Я украдкой вздохнул, проводил ее восхищенным взглядом и пошел дальше. «Пятки у нее мелькают, как две репы, — мысленно сравнил я. — Кажется, еще ни у одного писателя нет такого образа?!» Завернув за угол, я тут же быстрым шагом отправился обратно в поселок Красный Октябрь.

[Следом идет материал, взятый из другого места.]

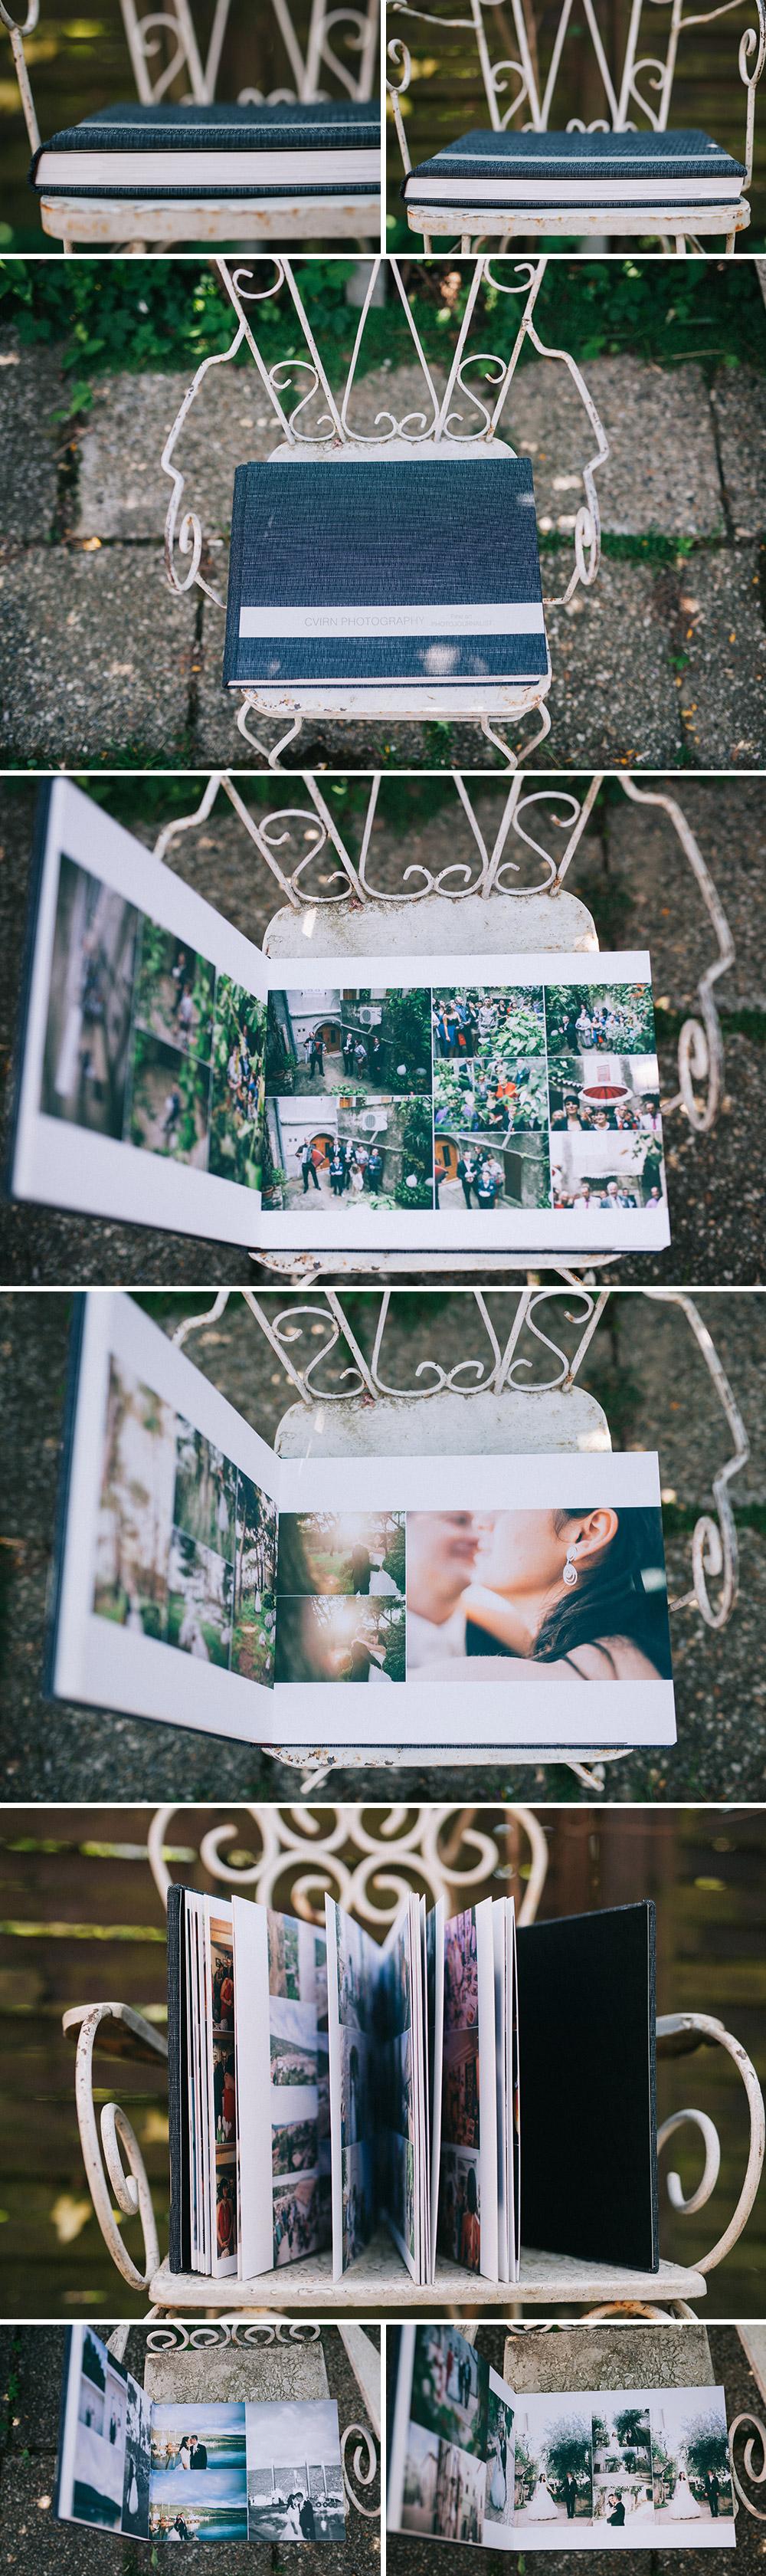 Blog-Collage-1429648873842

К середине января я закончил большой рассказ «Колдыба» про старого друга по ночлежному изолятору. Воскресным утром надел свое заношенное пальто реглан, кепку и отправился к Алексею Бабенко на Холодную гору. Стоял теплый серенький зимний день, падал редкий пушистый снежок. У водонапорной колонки небольшая очередь дожидалась автобуса. Мое внимание привлекли двое пестро разодетых мужчин с подвижными, как у обезьян, физиономиями. Толстенький, в пальто с кенгуровым шалевым воротником, несколько раз громко и важно повторил: «Мой импресарио», и я зто запомнил. Второй, в надетой набекрень котиковой шапочке, что-то говорил про свои гастроли. Харьков в то время был столицей Украины, и я решил, что это, наверно, какие-нибудь ответственные работники Наркомата иностранных дел. Меня только смутило слово «гастроли»: так жулики называют свои разъезды по городам. Но рядом прохаживался милиционер, а молодые люди даже ни разу не глянули в его сторону. Лишь много дней спустя я вспомнил, что о гастролях говорили знакомые мне артисты из киевского театра.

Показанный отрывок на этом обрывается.